O interessado não precisava nem mesmo falar português. Muitos se expressavam em italiano e japonês. Funcionários da Prefeitura constatavam apenas se o candidato sabia pôr o carro em marcha.

Hoje, os futuros motoristas preparam-se para treinar no simulador de trânsito. A frota da cidade é de quase sete milhões e meio de veículos. Como no começo, não há argumento que isente o cidadão comum, bem de saúde, do pagamento do IPVA.

Esta reportagem foi originalmente publicada no Diário do Comércio, em  13/1/2014. 

4 Comentários para “Quando o primeiro automobile chegou”

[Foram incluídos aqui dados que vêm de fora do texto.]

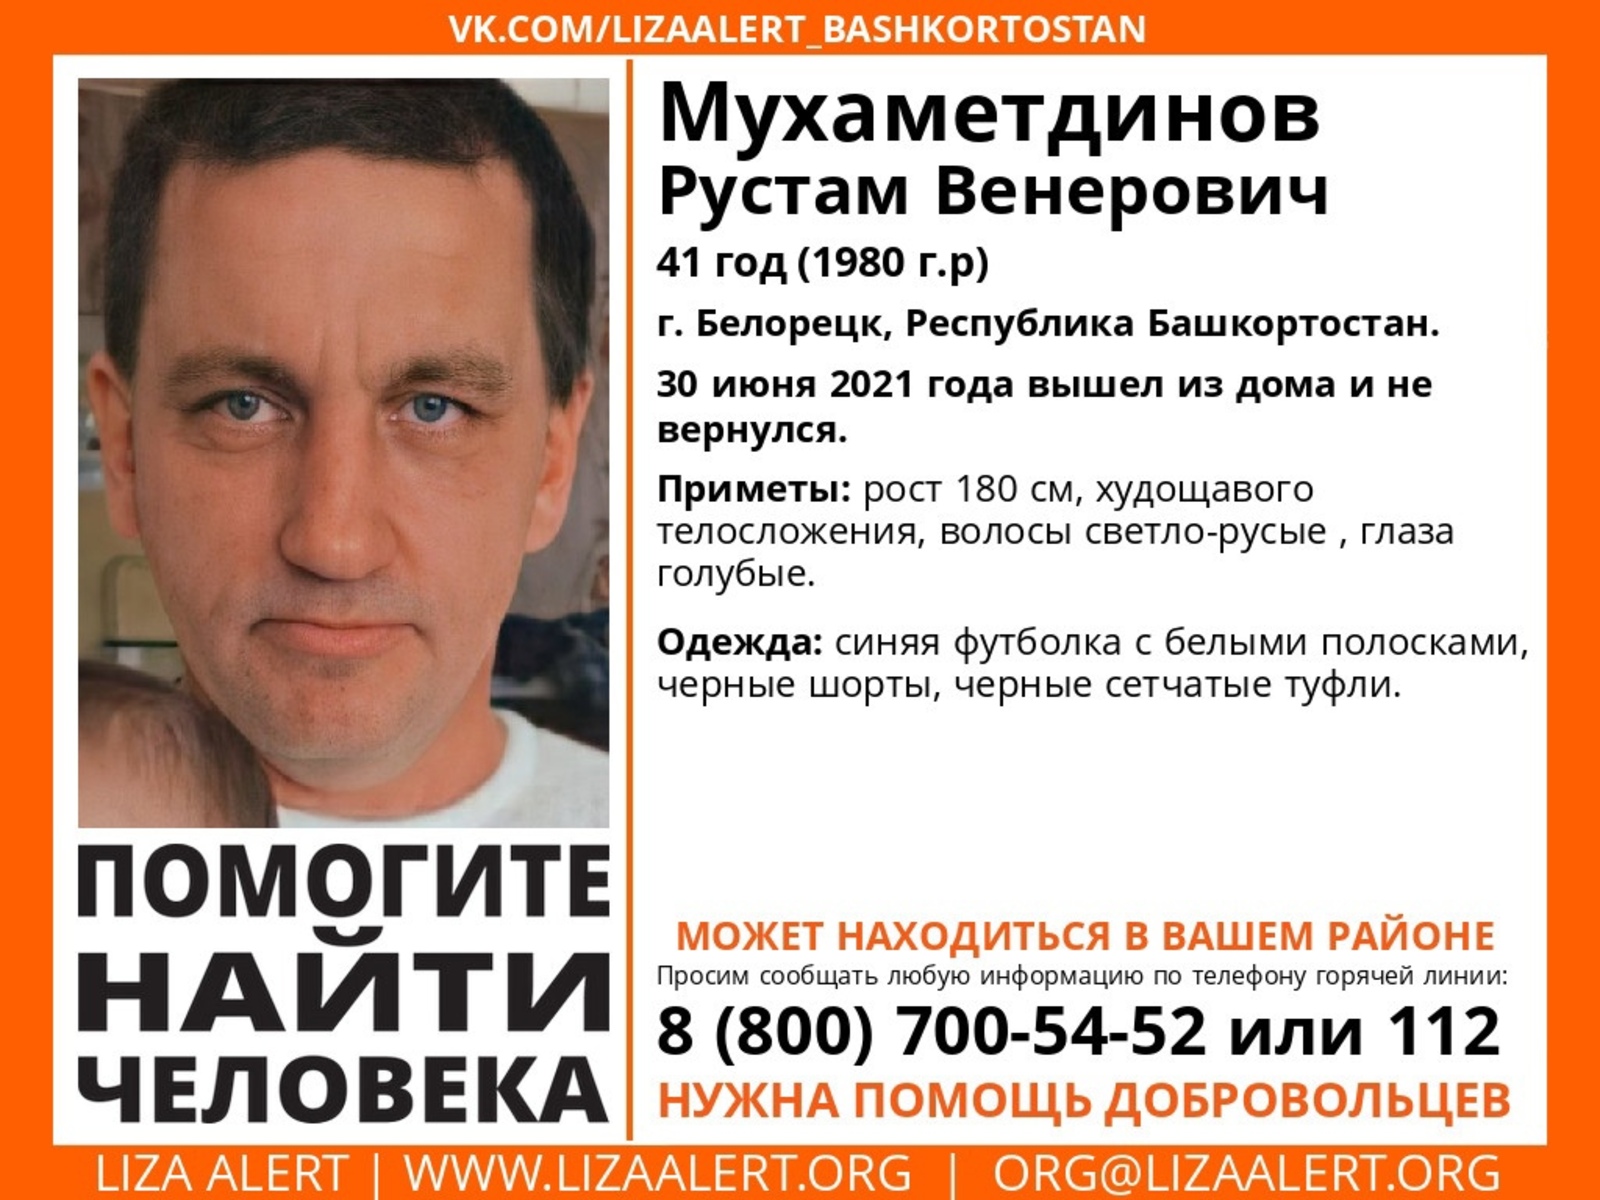 В Башкирии разыскивают пропавшего Рустама Мухаметдинова

  1. O IPVA deve SER cobrado em dobro, ou melhor, proporcioal ao número de cavalos de força e velocidade projetada, obrigatório o catalizador e MEDIÇÃO de níveis de imissão de gases na atmosfera através das inspeções veiculares (PCPV).
    Imposto alto e restrição ao crédito. IPI NAS 35 MONTADORAS NO PAÍS! Carro só para ricos, no caso os descendentes de Santos Dumont. E mais, placas para rodízio e proibição de trafegar nas faixas exclusivas.
    Pobre anda a pé, de onibus e nâo paga IPVA!

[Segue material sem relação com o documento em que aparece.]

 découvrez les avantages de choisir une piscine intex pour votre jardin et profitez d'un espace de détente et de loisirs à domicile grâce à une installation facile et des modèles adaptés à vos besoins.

  2. Recentemente a prefeitura de São Paulo definiu que a velocidade máxima na cidade passou de 60 para 40 quilômetros por hora. A ação visa reduzir as mortes de pedestres e ciclistas vitimados entre outras razões pelo excesso de velocidade. Se somarmos essa a outras medidas em vigor como o rodízio de veículos, a proibição de circular em faixas de ônibus e as restrições para locais de estacionamento, teremos aí mais exemplos de coerção ao livre uso do carro, até pouco tempo praticamente “dono” das ruas e avenidas das cidades contra qualquer planejamento minimamente civilizado de mobilidade urbana que buscasse uma convivência pacífica com outros usuários de transporte público, pedestres e ciclistas.

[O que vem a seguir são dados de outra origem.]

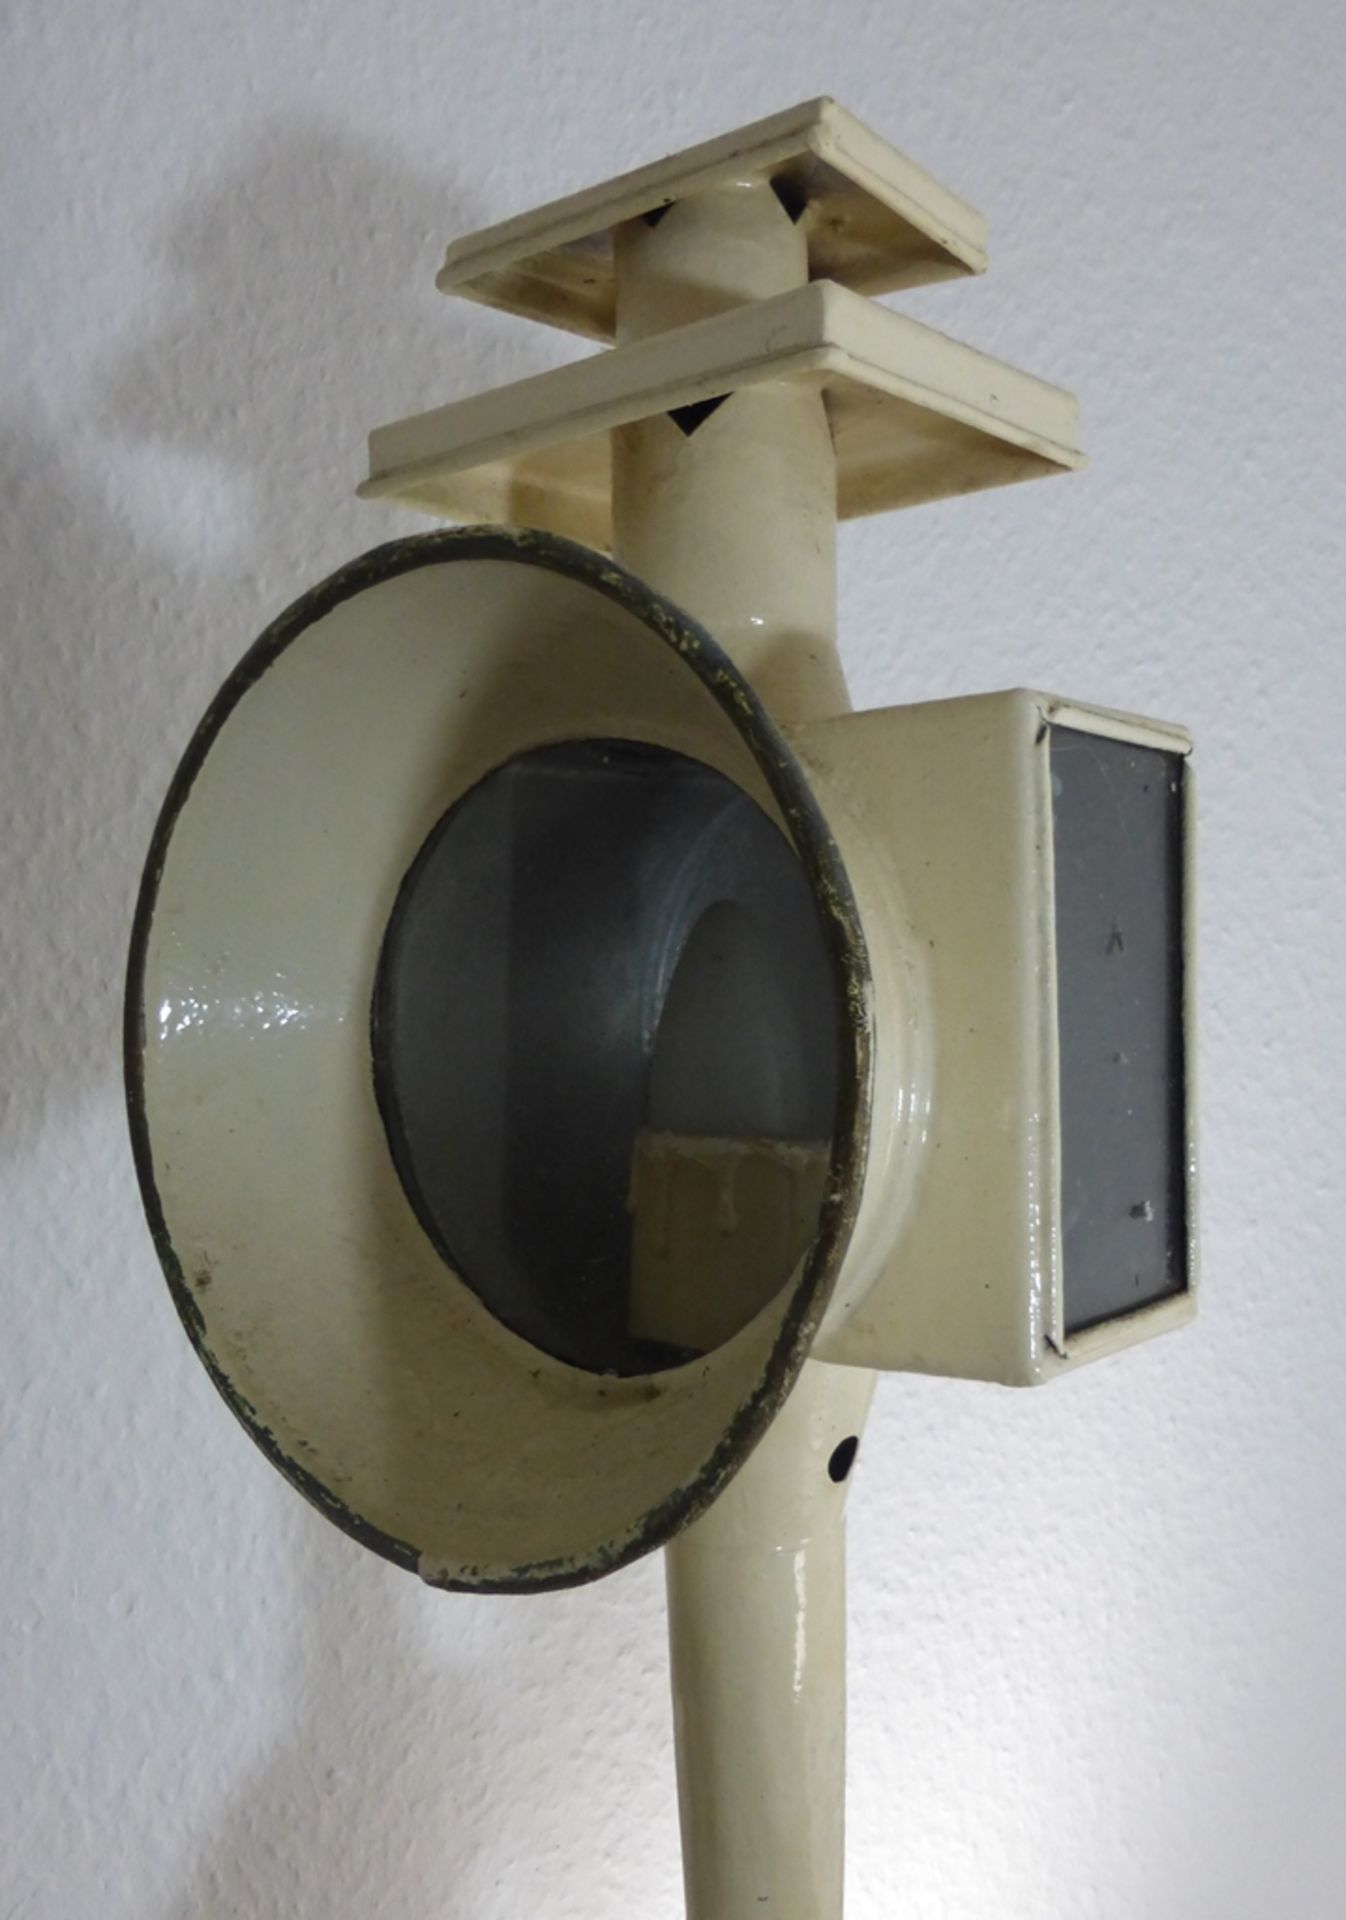 Kutscherlampe, Metall, weiß gefasst, zwei Seiten verglast, h. 50cm, 19. Jh., nachträglich

    Muitos ainda enxergam no fato de ter um carro o alcance definitivo do mundo adulto e da independência. Isso, claro, ainda não mudou, mas parece ir por um caminho bem diferente.

    Uma tendência observada em pesquisas realizadas na Inglaterra e nos Estados Unidos é que os jovens desses países já não possuem o mesmo desejo por veículos particulares. Eles acham mais interessante utilizar transporte público como ônibus e metrô e até mesmo andar de bicicleta. As pesquisas mostram que eles NÃO estão dispostos a gastar boa parte de seus recursos na manutenção de um automóvel. E, além de mais barato, também consideram mais saudável o uso cotidiano de outras modalidades de transporte. Isso significa que a posse de um carro próprio está perdendo o encanto?

  3. Miltinho
    O que tenho percebido por aqui é que ninguém, muito menos jovem, quer abrir mão do carro, porque não se imagina vivendo sem ele.
    Além disso, o transporte público está no limite. Se uma pequena parcela dos motoristas resolver usar ônibus, ou metrô, o sistema entra em colapso.
    Da minha parte, quando vou a São Paulo (moro em Guarulhos), dirijo meia hora até a estação do metrô mais próxima, em um bairro paulistano, deixo o carro no estacionamento, e embarco. Sempre em horas mais amenas, porque isso me é possível.
    Não sei se você sabe, mas São Paulo tem 7,5 milhões de veículos. E 77 vexaminosos quilômetros de metrô, para 11 milhões de habitantes (18 milhões na Grande São Paulo,
    com cidades conectadas, por trem metropolitano, ao metrô).
    Vivemos a imobilidade urbana!

  4. Valdir.
    SP tem 29 milhões de habitantes e 7,5 milhões de carros. A solução a longo prazo para a IMOBILIDADE URBANA é mais transporte coletivo. Nào vejo outra solução diferente da coibir a fabricação e uso de automóveis que se tornaram tornaram um monte de lixo que polui, é insalubre, faz barulho, enerva, e não transporta. É uma arma letal, mata demais!
    Estou tentando me livrar deste mal. Faço votos que o metrô atenda o trecho Guarulhos até a Paulista. E que SP/RJ seja ligada por trem (nào precisa ser trem bala). A via Dutra está cada vez mais lenta e um injustificável o trânsito de automóveis de passeio. Os interêsses da indústria automobilistica se sobrepõem paradoxalmnete aos interêsses de mobilidade
    Tudo que eu gosto é ilegal, é proibido ou engorda. Até um “rolezinho” nos shoping!